Tuesday, January 04, 2011

A Ship Without Sails

By Darvell Hunt

A writer without goals is like a ship without sails. It’s hard to gain the momentum needed or maintain the direction required to succeed in today’s publishing world without having rigorous goals—and what better time to set writing goals than the beginning of a new year?

Yes, New Year Resolutions are a bit of a cliché and you may argue that nobody keeps them. I personally committed to eight resolutions last year, but only accomplished three of them—but they were big ones and required significant work, so I consider my 2010 resolutions to be a success.

But how do you set useful, productive writing resolutions? I start with just ONE thing I want to accomplish for the year. It shouldn’t be a wish or a desire, but a real goal that you believe you can accomplish. And, even more important than the goal itself, you have to believe you can achieve it.

For me, I’m setting just one major goal: to get representation for my middle-grade science-fiction/fantasy novel. This novel is written and polished and ready to be sent out, but the hard work now is getting an agent for it. My goal is NOT to get it picked up by a publisher, because that’s the agent’s work. My goal is to land the agent. This goal is realistic, though challenging, and I believe I can do it.

So, what does this goal involve? First, polishing the query letter and the pitch, then doing the footwork—submitting and following up with queries to agents. It’s silly to have such a great novel—and I think I have such—just to let it sit because I haven’t done enough agent querying.

So, what’s YOUR writing goal? How are you going to craft your sails so that the wind will catch your ship and sail you onto publishing success? Don’t treat this lightly and don’t just wish for it—make it happen. Decide upon one success that you want to achieve and put your time and energy into it. If you reach your goal and still have time left in the year, you can create other goals, but it’s best not to cloud your point of view with too many tasks in the beginning.

Sure, you can have other non-writing resolutions—and I recommend that you do—but I suggest you focus your writing toward a single goal and work toward finishing it before setting other goals. (That doesn’t mean you can’t work on other things, though—just remember what’s most important.)

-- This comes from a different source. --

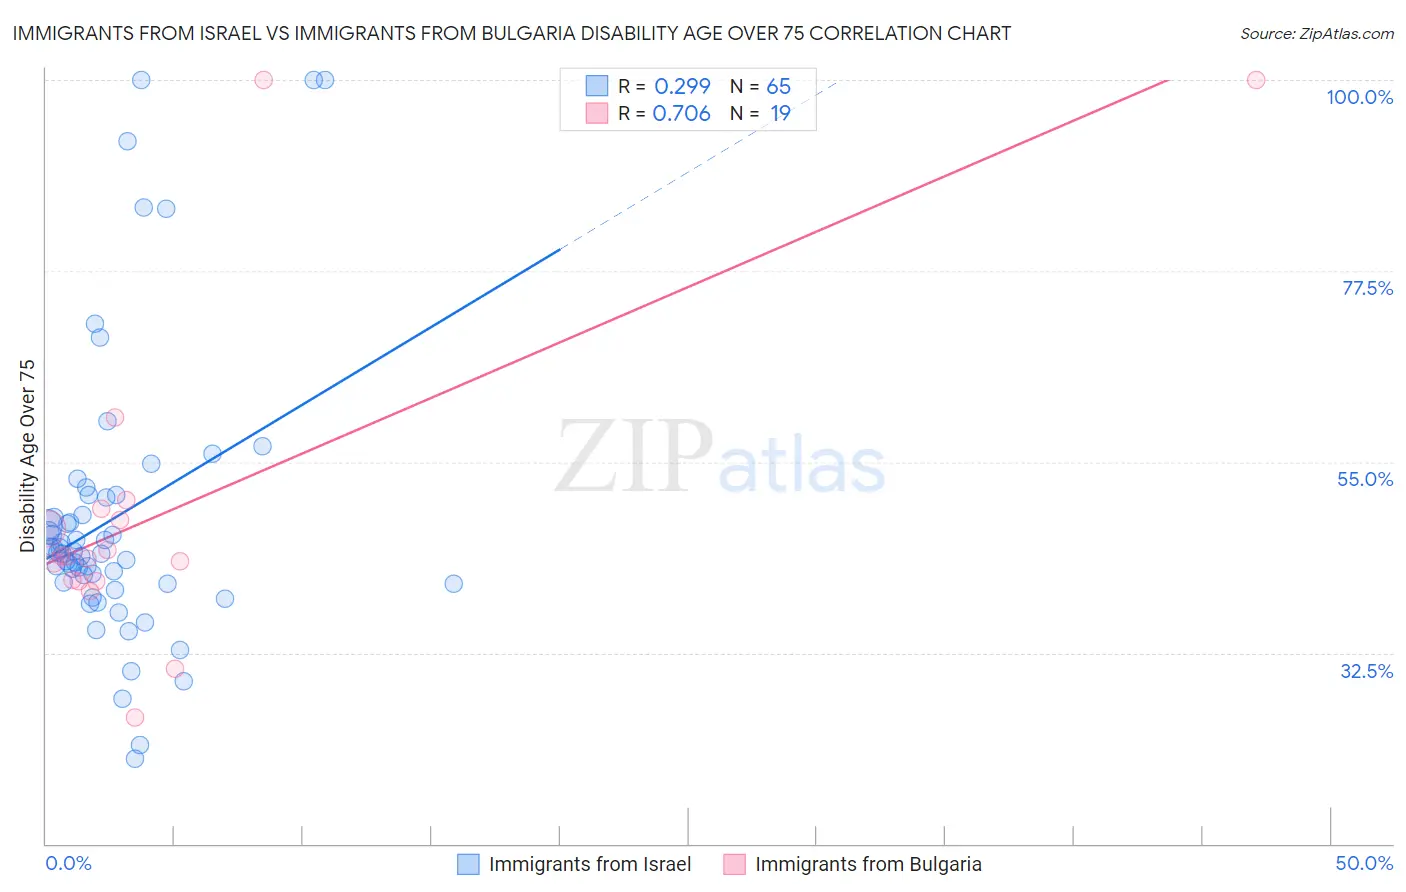 Immigrants from Israel vs Immigrants from Bulgaria Disability Age Over 75

Now. I have one more suggestion—tell everybody you know about it. Tell your friends, blog about it, tell your family and the people at work. Create an expectation in others that you will succeed. This gives you somebody to report back to. If you have somebody with whom to share your success, you will be more motivated to work toward it.

And, while you’re telling others, shoot me off a quick message to let me know what you’re doing. I’ll join your cheer squad!

And, lastly, DO IT NOW. Don’t wait. If it’s worth doing, it’s worth doing NOW!

4 comments:

kbrebes said...

Very inspirational and motivating! I plan to outline and then write and polish a 60,000 word LDS novel.

Keith N Fisher said...

good luck with your goals. hang in there

Maggie said...

I plan to market Growing Up Gracie. I hope to submit a novel I am in the cleaning up stages on. And I hope to complete a rough draft of a second novel involving the Fremont All-Mormerican Family. It's shaping up to be a busy year!

Michael Knudsen said...

I'm inspired, Darvell! I will sell as many copies of The Rogue Shop person-to-person as I can, and I will hunker down and get the first draft of my new book done in 2011, or bust!